/population_genetics_AADR

Interactive visualization of population genetics data for ~10,000 modern and ancient individuals.

Primary LanguagePython

Interactive visualization of population genetics data for ~10,000 modern and ancient individuals.

0. App

Deployed on Heroku: https://umap-aadr.herokuapp.com/main_umap

Can also run the app locally with bokeh serve:

bokeh serve --show population_genetics_AADR/02.output/main_umap.py

screen

1. Background

This repository provides scripts and results from an analysis of a starting set of 16,765 ancient and modern humans found at AARD.

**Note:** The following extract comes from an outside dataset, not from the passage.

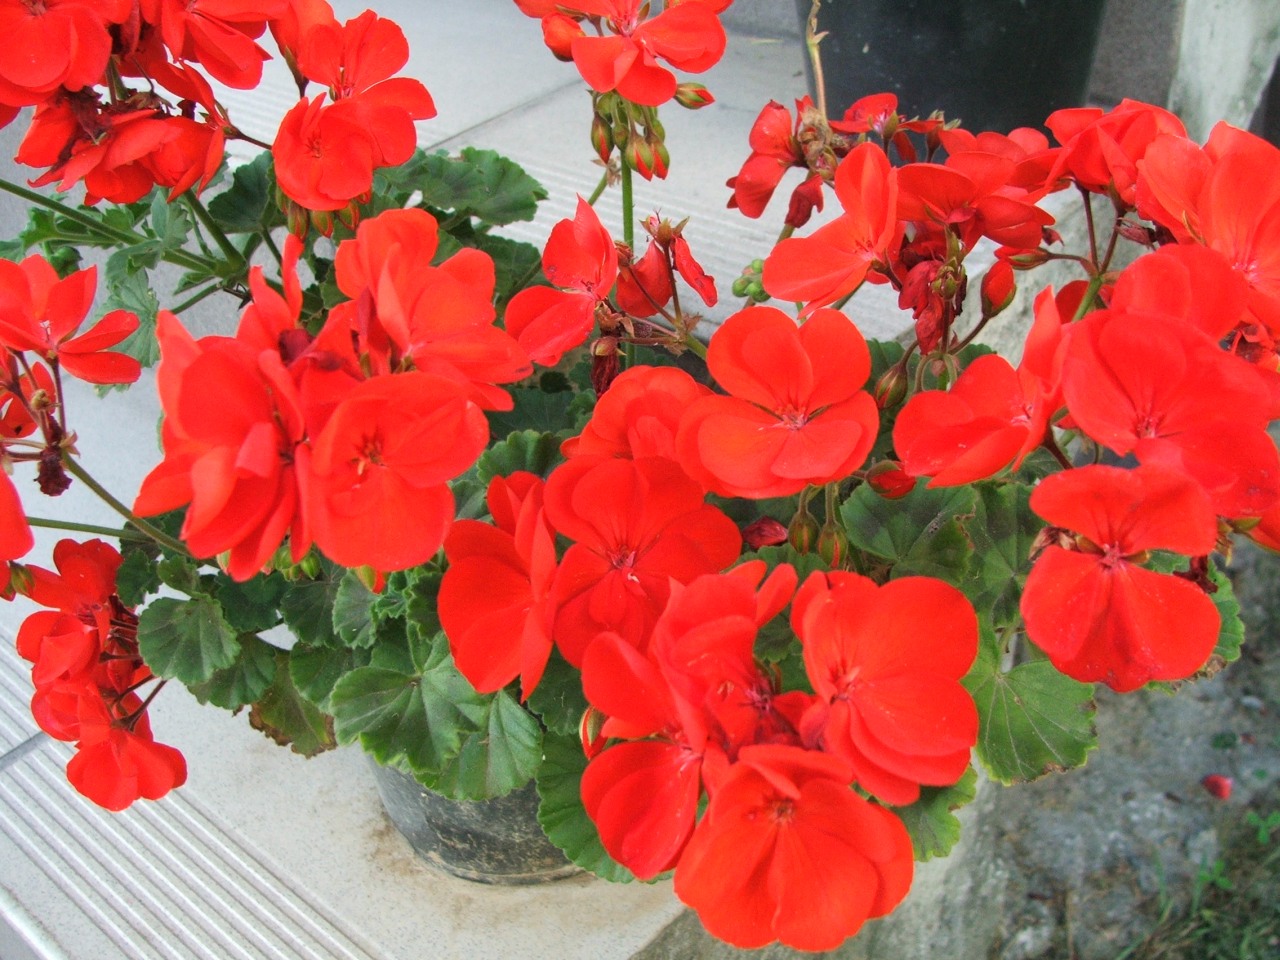 El geranio zonal es una planta de flores rojas, rosas, o blancas

Tools used to analyze the data:

Library used to generate the interactive visualization:

2. Analysis

2.1 Starting data

Genotype data was retrieved from the Allen Ancient DNA Resource (AADR). This data can be downloaded but is not included here due to size (2.4GB), but are not needed as downstream results are present. https://reich.hms.harvard.edu/allen-ancient-dna-resource-aadr-downloadable-genotypes-present-day-and-ancient-dna-data

2.2 Converted from PACKEDANCESTRYMAP format to PLINK2 format (LARGE MEM REQUIREMENT)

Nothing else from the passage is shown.